If anyone is interested in learning Japanese, I have some advice:

\- Do not learn polite forms until you master plain forms. Japanese is built
on plain forms and polite forms are an extension of that. If you learn polite
forms first, you are going to get wildly confused because everything you
assume about the grammar will be wrong. People think they must learn polite
forms in order to get along. Just do what all my Japanese high school students
did: add "desu" to the end of all your sentences ;-). It is totally wrong and
you will sound like an uneducated, hillbilly moron, but people will appreciate
your effort ;-)

\- Read
[http://www.guidetojapanese.org/learn/grammar](http://www.guidetojapanese.org/learn/grammar)
I don't think there is a better grammar guide out there. Memorize all the
example sentences (if you use flash cards or Anki, then drill from English to
Japanese only).

\- Learn hiragana and kanji (hiragana first). Pick up katakana over time (it's
not really very important). Hiragana and katakana are phonetic alphabets. Once
you know hiragana you can read children's books with "furigana" (the
pronunciation of kanji is written beside the kanji in hiragana). Kanji are the
chinese characters.

\- Do not avoid learning kanji.
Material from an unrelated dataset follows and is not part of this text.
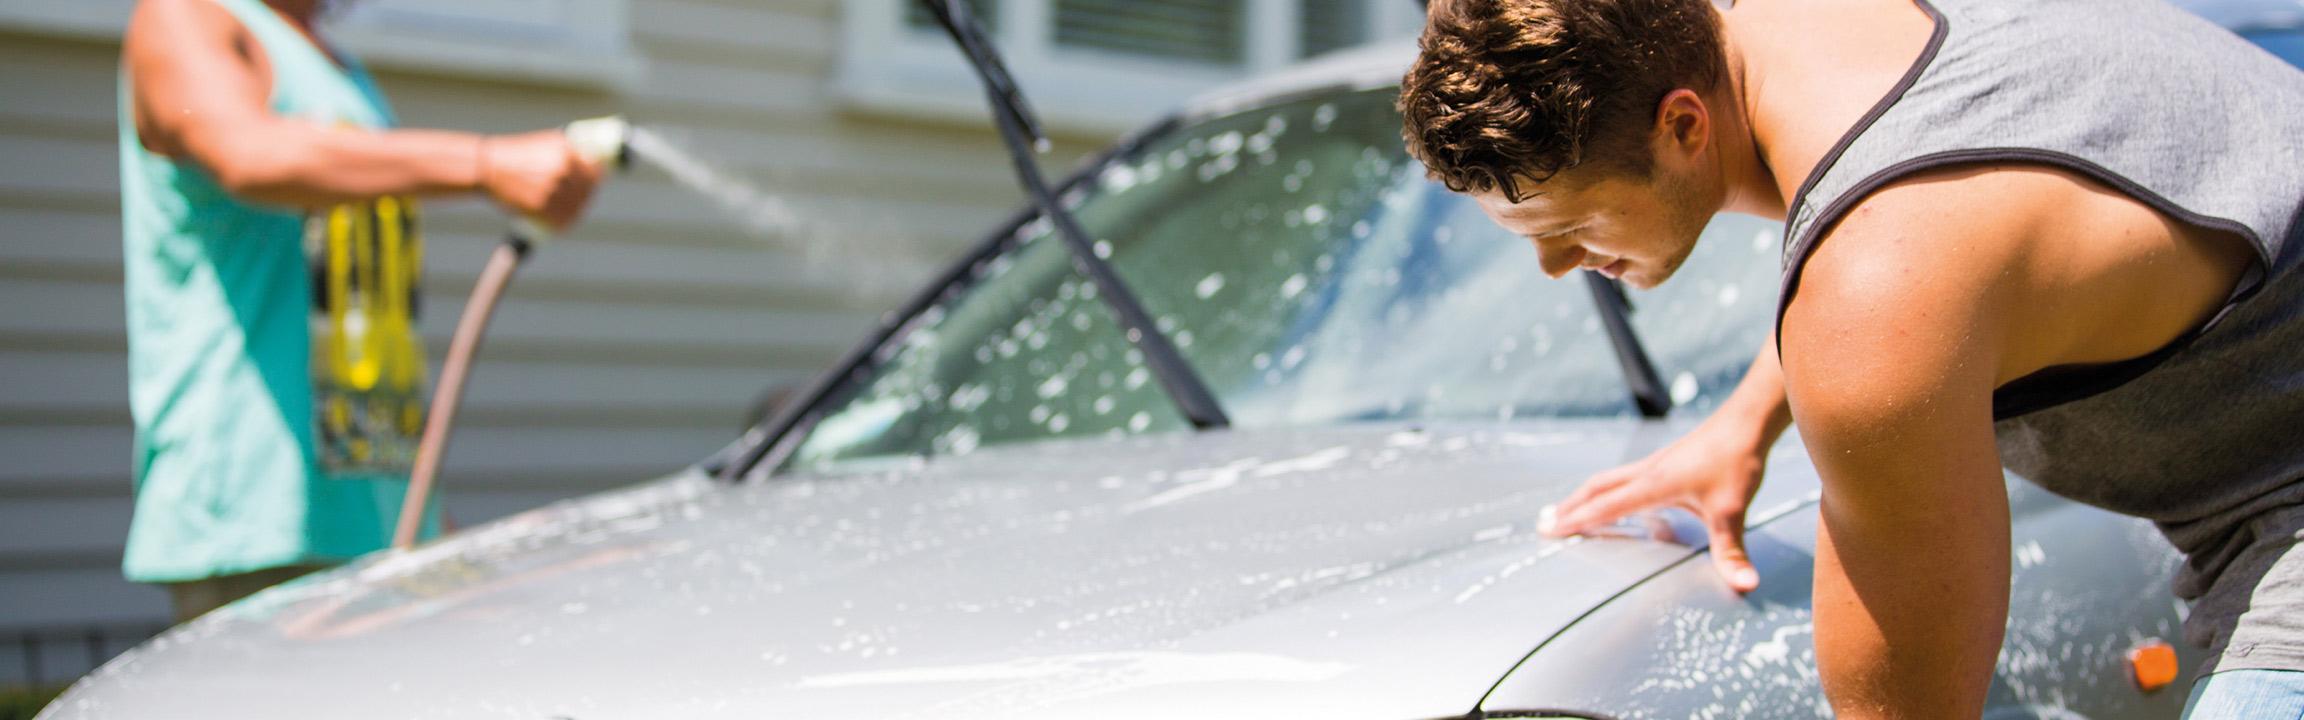 Two men washing a car

One thing that I discovered as I was learning
Japanese is that I could learn vocabulary along with the kanji faster than I
could learn the vocabulary alone. Kanji is a fantastic mnemonic and is
constructed in a comprehensible way. "Remembering the kanji" by James Heisig
is a great technique for learning kanji. I don't like his choice of keywords,
though (some are arguably just wrong). I recommend reading the first section
of the book and then deriving your own keywords. As it turns out, the
publisher of the book offers the first section as a free PDF download:
[http://nirc.nanzan-u.ac.jp/en/files/2012/12/RK-1-6th-
edition...](http://nirc.nanzan-u.ac.jp/en/files/2012/12/RK-1-6th-edition-
sample.pdf)

\- Read manga as a way to learn conversational Japanese. Probably this is the
best thing I ever did. Yes there are characters with weird expressions (datte
ba yo!) or incredibly impolite expressions (ending every sentence with
yagaru), but I _really_ doubt you will fail to pick those up ;-) Obviously
don't use them in real conversations if you don't want to shock people.
Generally speaking the expressions -- and especially the contractions -- are
the way normal people speak in Japan. You won't get this in a text book.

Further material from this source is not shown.